As with other Argento giallos, the accent in "Deep Red" is on the visuals: the artsy sets, the garish lighting, the tendency for the camera to dwell on brutal details. Images are stark, with high contrast in lighting. And there's lots of visual symmetry. Emotionally, "Deep Red" is cold, entirely appropriate, given that the theme relates to the psychological coldness of a killer.
But unlike "Suspiria", wherein the story is almost irrelevant, "Deep Red" has an intriguing premise, with a plot that, although slow to get going, is nevertheless coherent, and builds to a riveting finale. I was quite surprised at who the killer was. Clues are very subtle, but they're there, if you know where to look. There's a nifty plot twist toward the film's end. I like the visuals in all of the Argento films I have seen. But "Deep Red", more than others, has a better developed story line. As such, the film is my second favorite Argento giallo. My personal favorite is "The Bird With The Crystal Plumage".
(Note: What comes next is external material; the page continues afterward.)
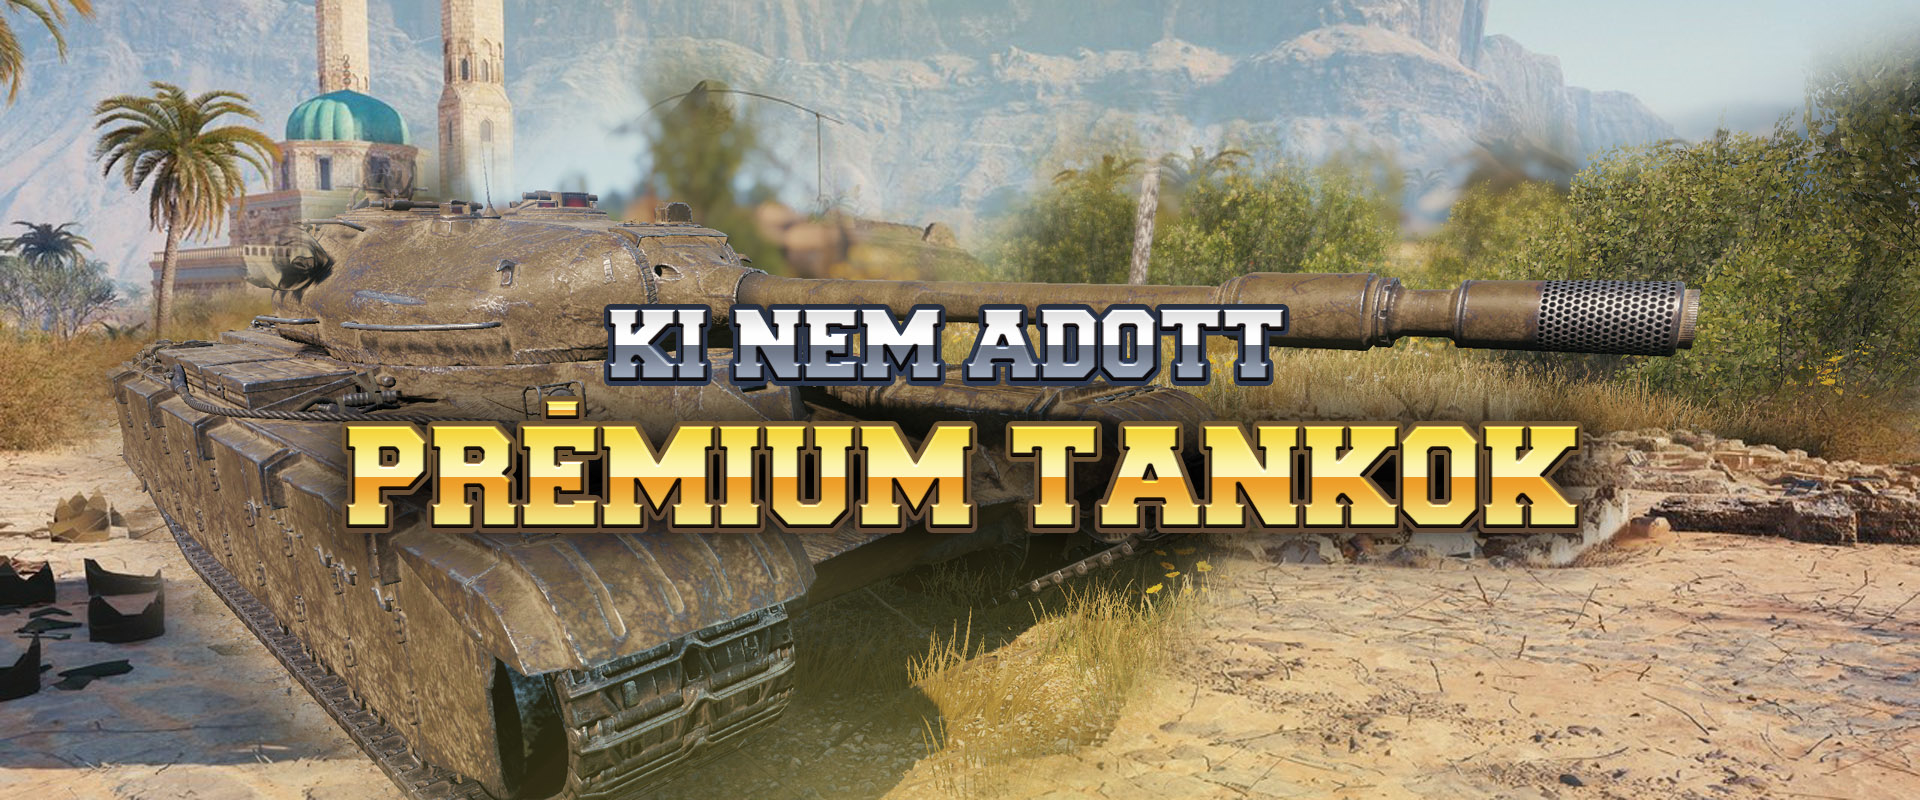 Ezek a prémium tankok már a spájzban vannak!
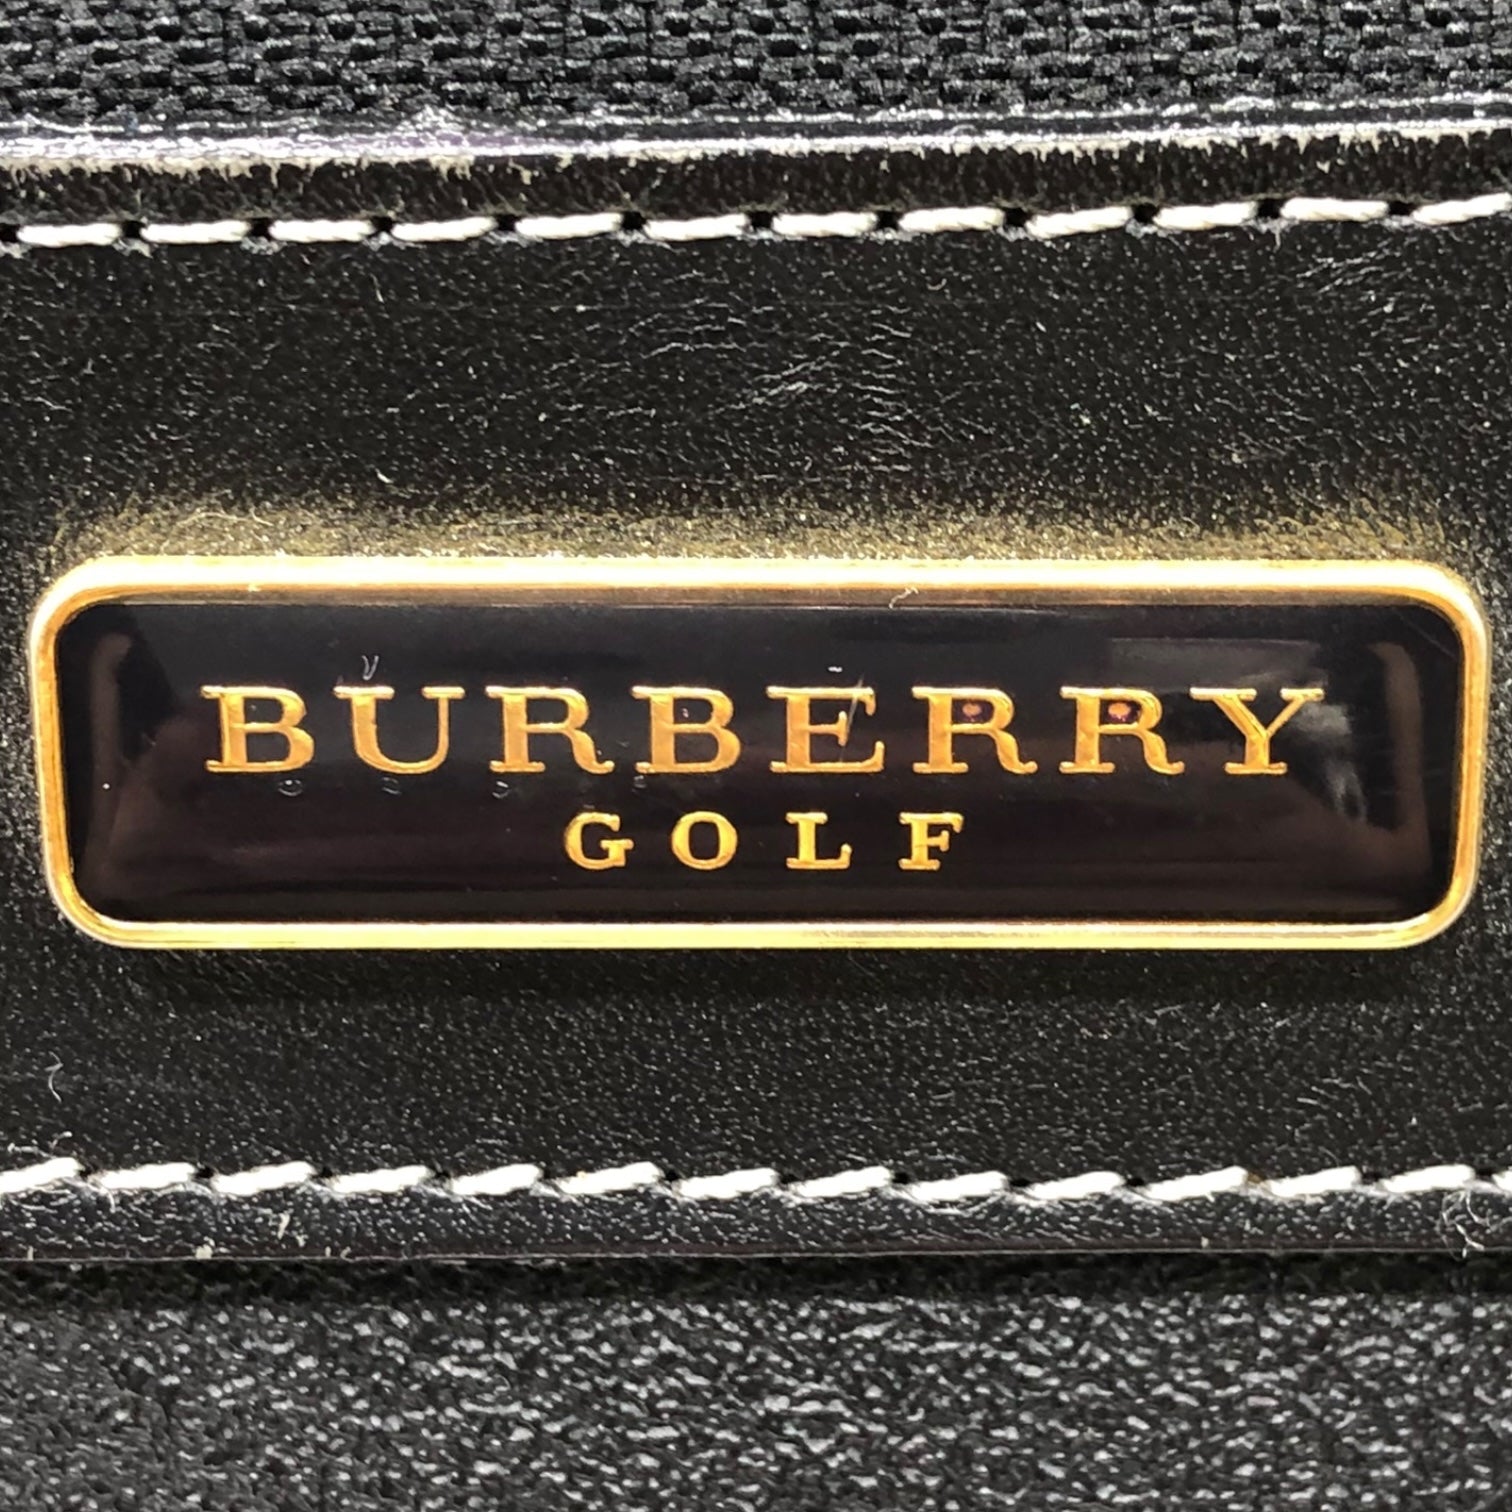 BURBERRY GOLF(バーバリーゴルフ) ノヴァチェック レザー ボストンバッグ 旅行 鞄 ブラック

Weak dialogue and weak characterization permeate Argento's films. But his fans don't seem to mind. I certainly don't. What I did find annoying in "Deep Red" was the background music. Most viewers like the sound of Goblin. But to me, the music was too frantic, and not really suitable for a thriller.
There are few contemporary horror films that compare to those of Dario Argento. His giallos are: Gothic, brutal, impressionistic, artistic, and sometimes surreal. "Deep Red" is one of the best.